Exercise requirements - Type out the listing below exactly. Pictures stay out of it.

The data -
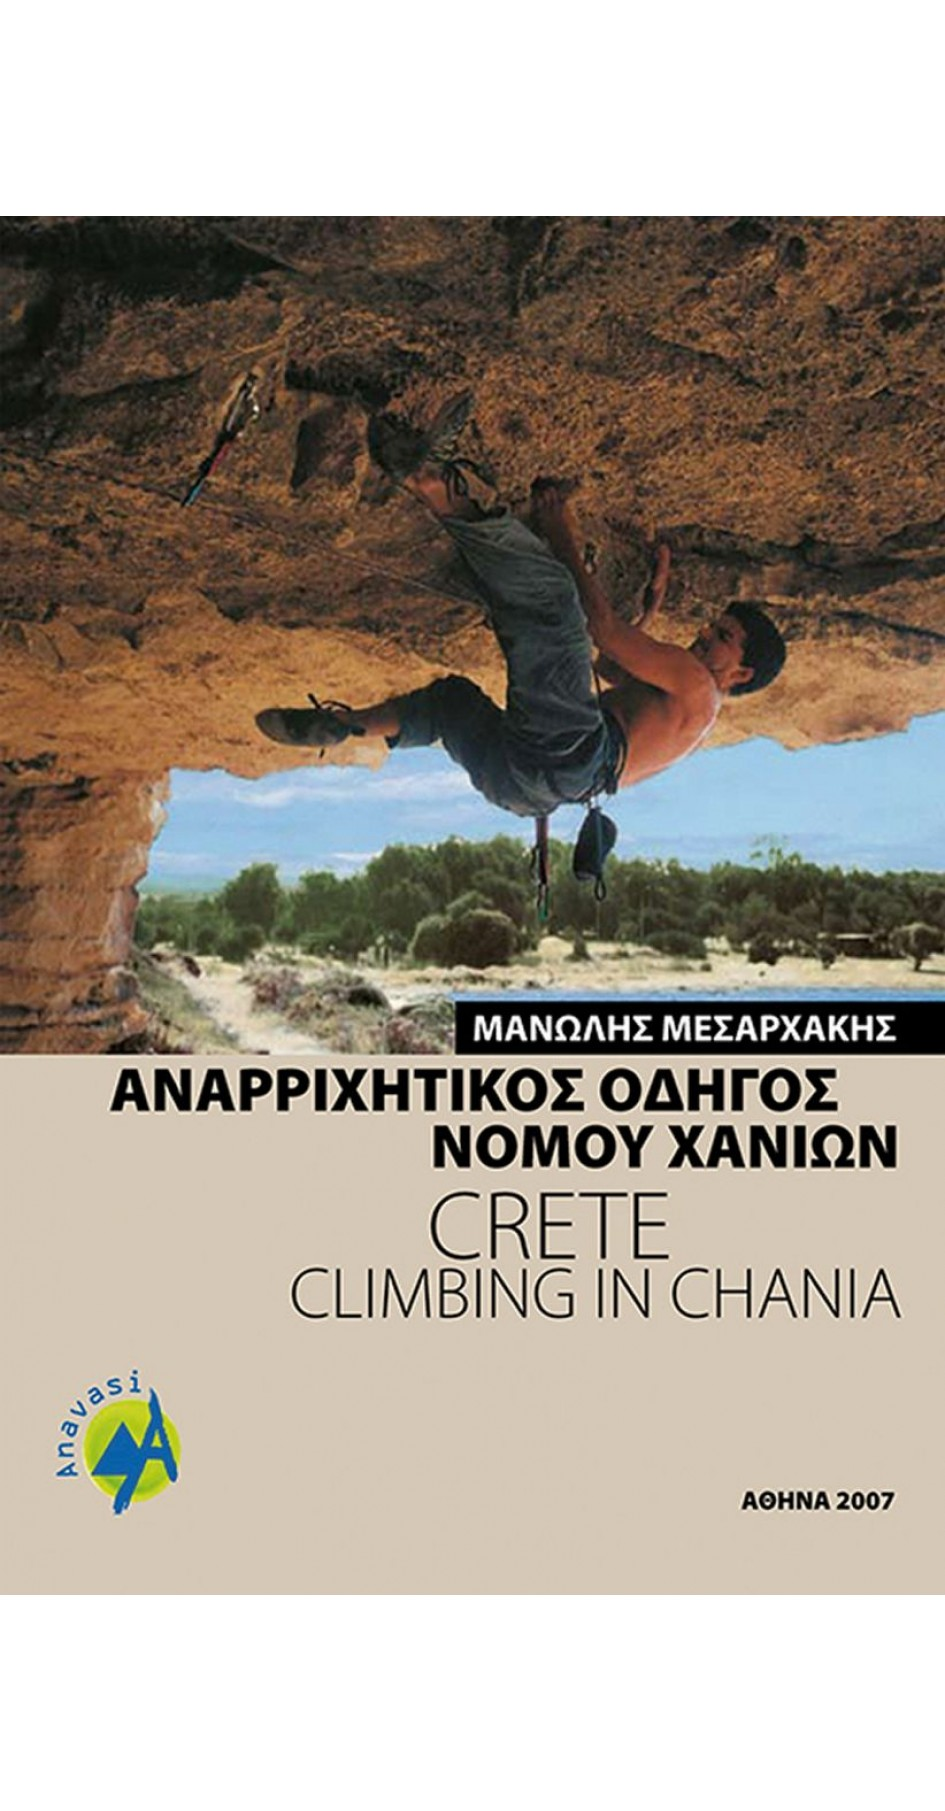 Climbing in Chania (Crete)
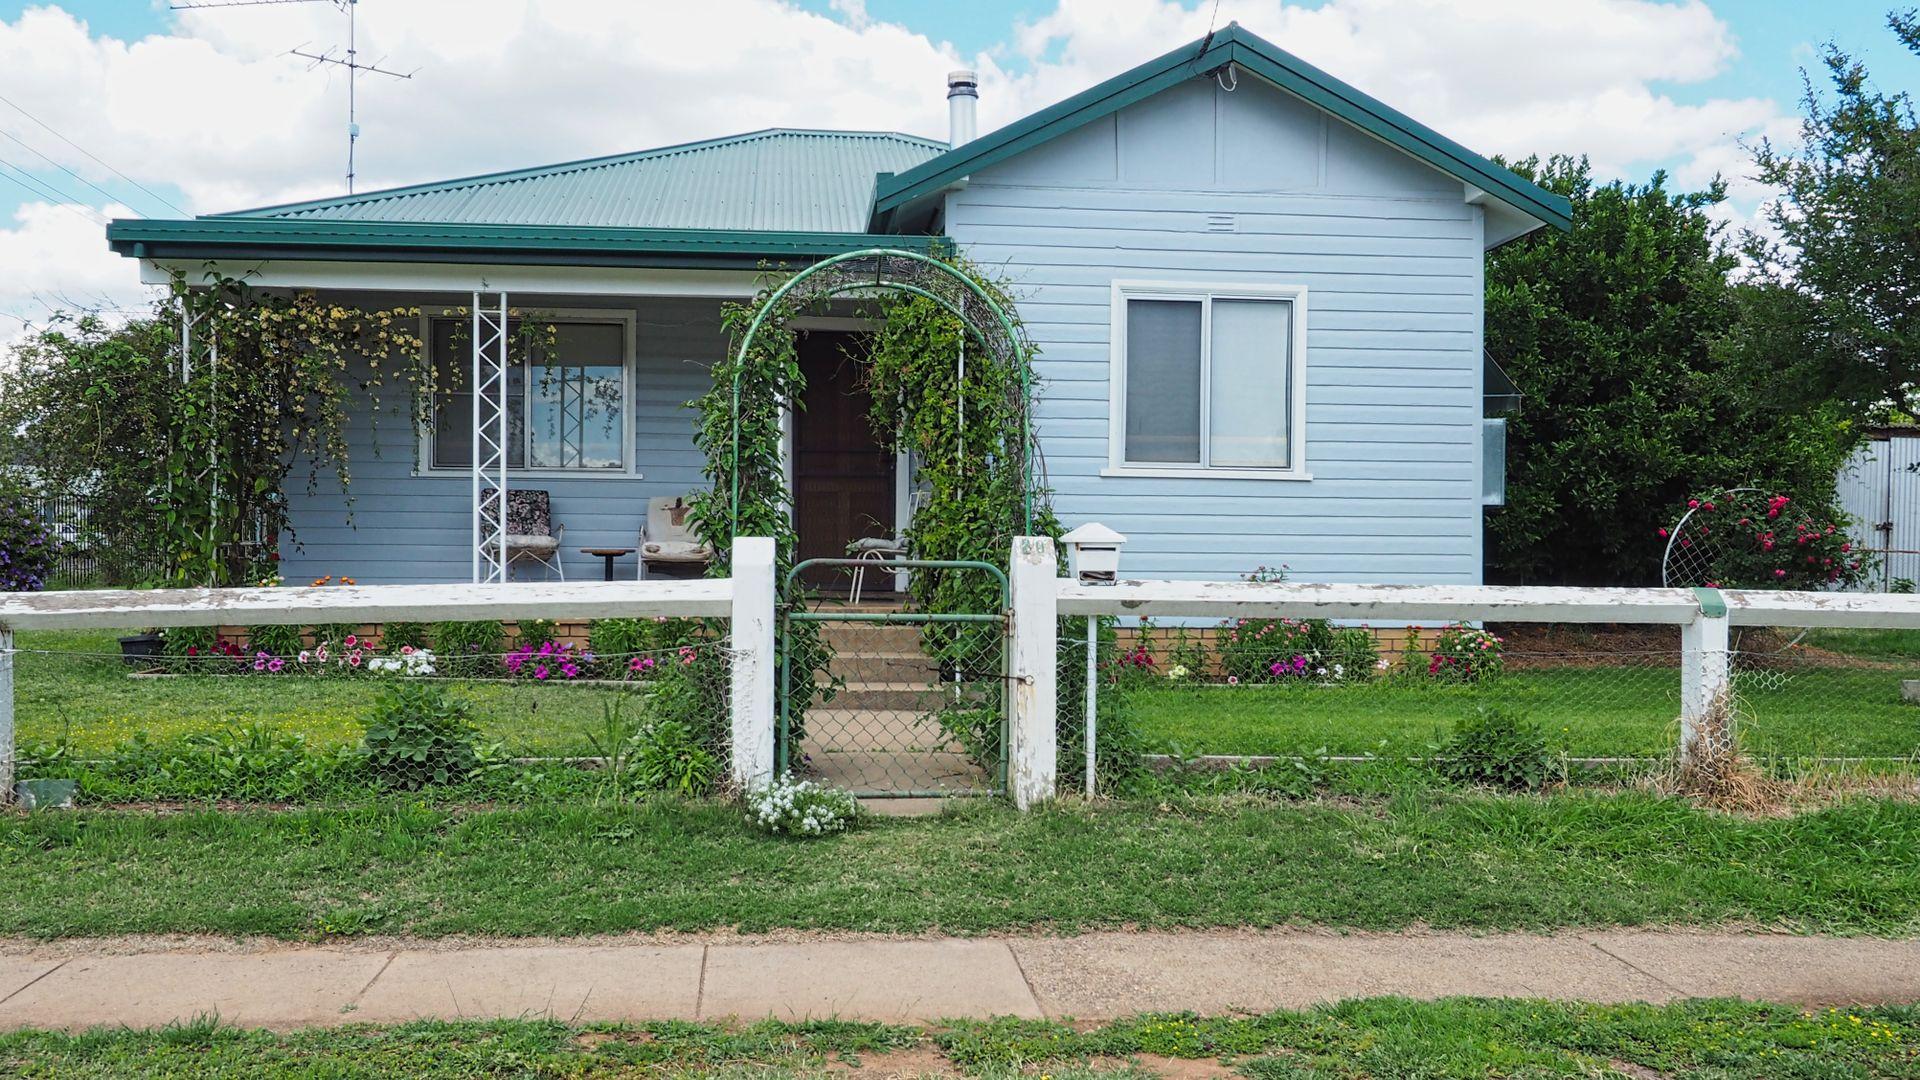 20 Finch Street, Bingara NSW 2404, Image 0
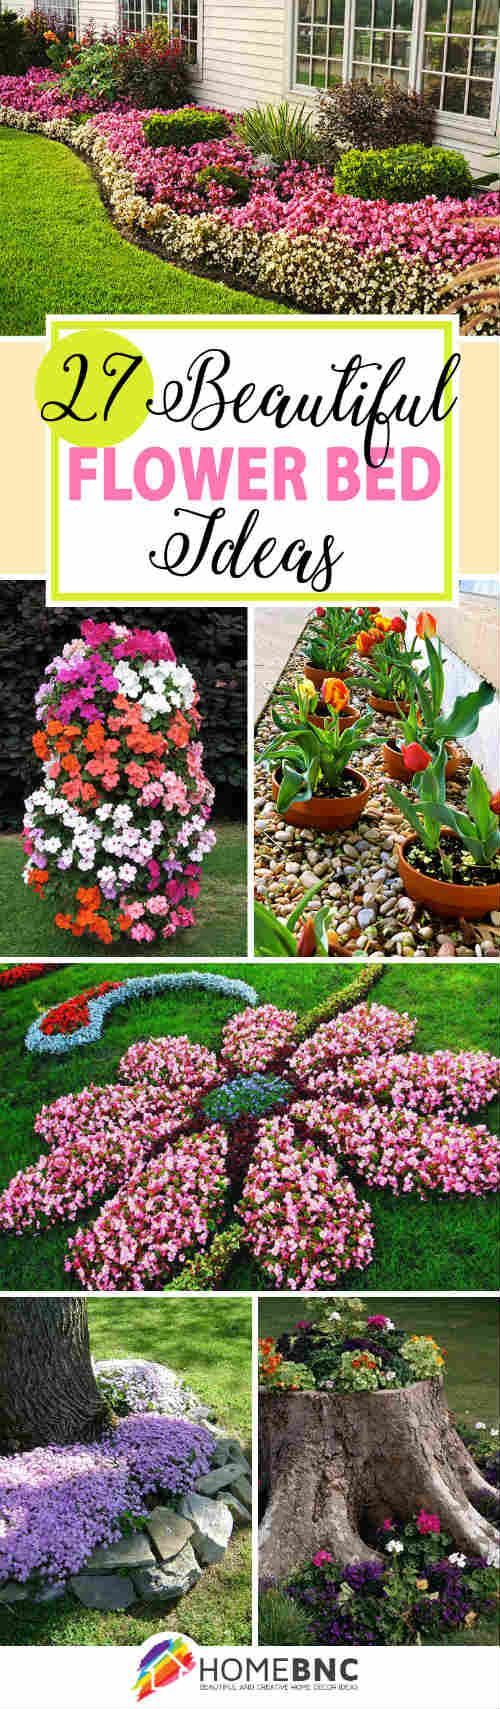 25 best ideas about flower beds on pinterest front flower beds front landscaping ideas and - Beautiful flower bed ideas ...

Answer space -
 Climbing in Chania (Crete)
 20 Finch Street, Bingara NSW 2404, Image 0
 25 best ideas about flower beds on pinterest front flower beds front landscaping ideas and - Beautiful flower bed ideas ...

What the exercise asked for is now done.